ATLAS: Adaptive Topology-Level Attack Synthesis for Probing Multi-Agent Systems
Keywords: AI Security, Multi-agent Adversarial Attack, AI Red Teaming
TL;DR: ATLAS is a topology-aware adversarial attack that probes multi-agent AI systems for security vulnerabilities with 47% fewer queries than the strongest prior baseline.

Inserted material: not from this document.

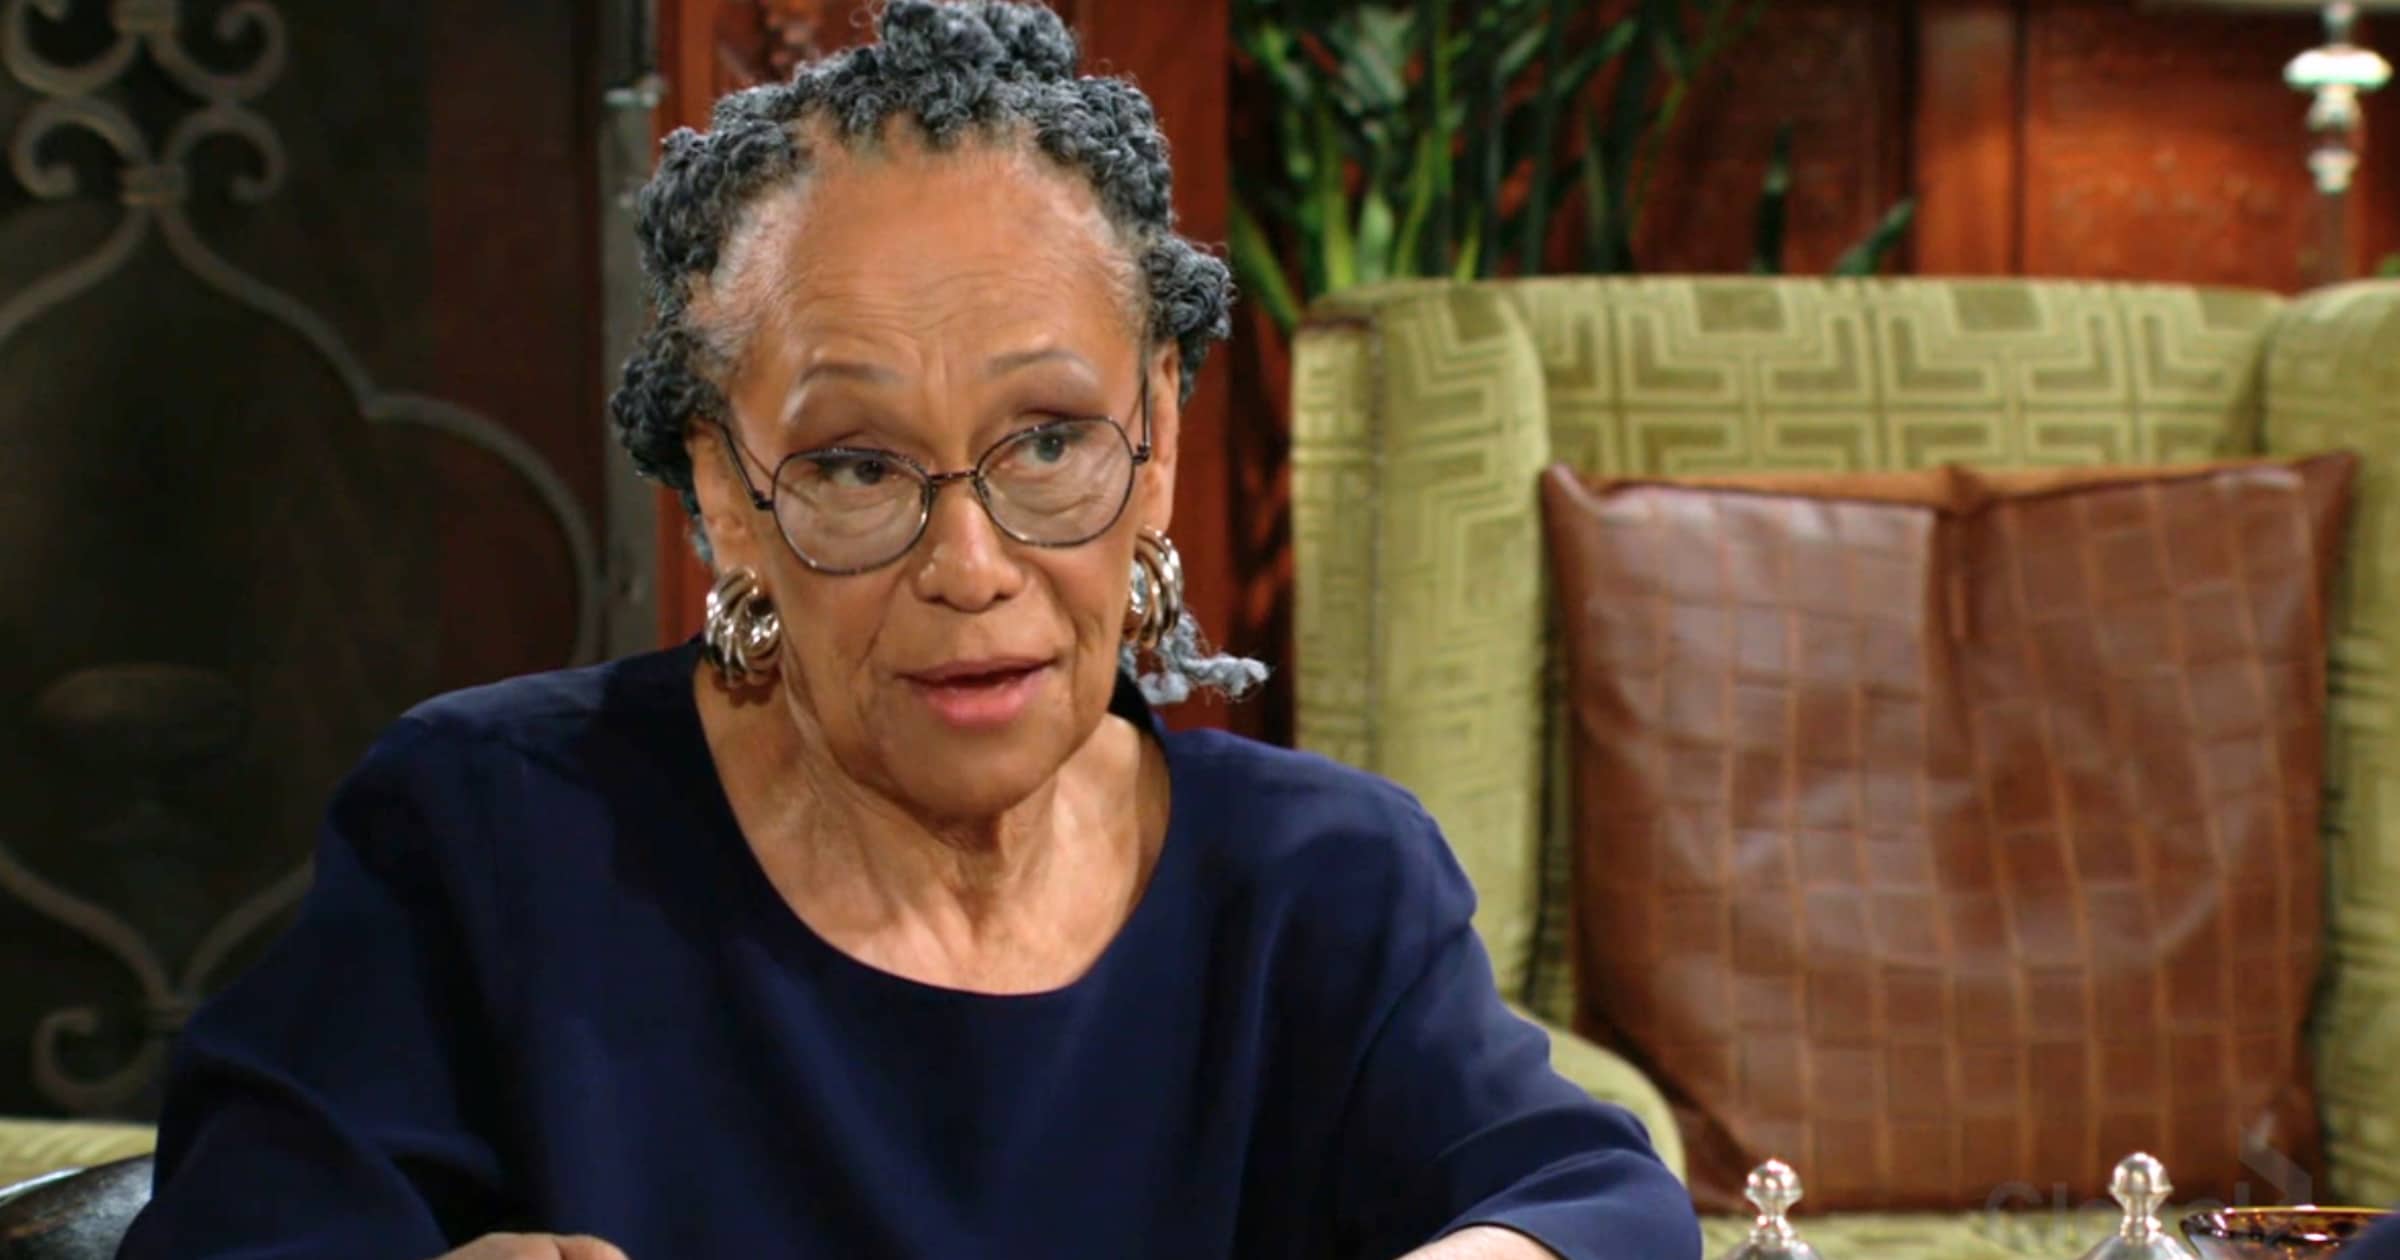 The Young and the Restless - Oct 26 - Mamie

Abstract: Production multi-agent AI systems delegate tasks, share memory, and call tools across trust boundaries, yet most existing adversarial attacks evaluate one agent at a time. We present ATLAS, an attack algorithm designed for multi-agent topologies. ATLAS profiles defenses across six dimensions, routes attacks through eight structural modes via an MDP with Bellman value propagation, and recovers verbally compliant but unexecuted attacks by retrying through alternative delegation paths. On 25 objectives mapped to the OWASP Top 10 Agentic Risks, across four enterprise scenarios (FinOps, DevSecOps, Healthcare, SOC) and four target models, ATLAS achieves 85.9% attack success rate (ASR) with 5.7 queries per objective, compared with GOAT (82.5%, 10.7q), TAP (75.3%, 9.3q), and Crescendo (63.1%, 10.7q): a 47% reduction in attack budget. All results are scored with tool execution evidence rather than verbal compliance. Across ten models we observe a capability–security inversion: GPT-4.1 (62.9%) is markedly less secure than GPT-4o-mini (38.6%), while Claude Opus
4.6 resists 99.3% of attacks.
Track: Short Paper (4 pages)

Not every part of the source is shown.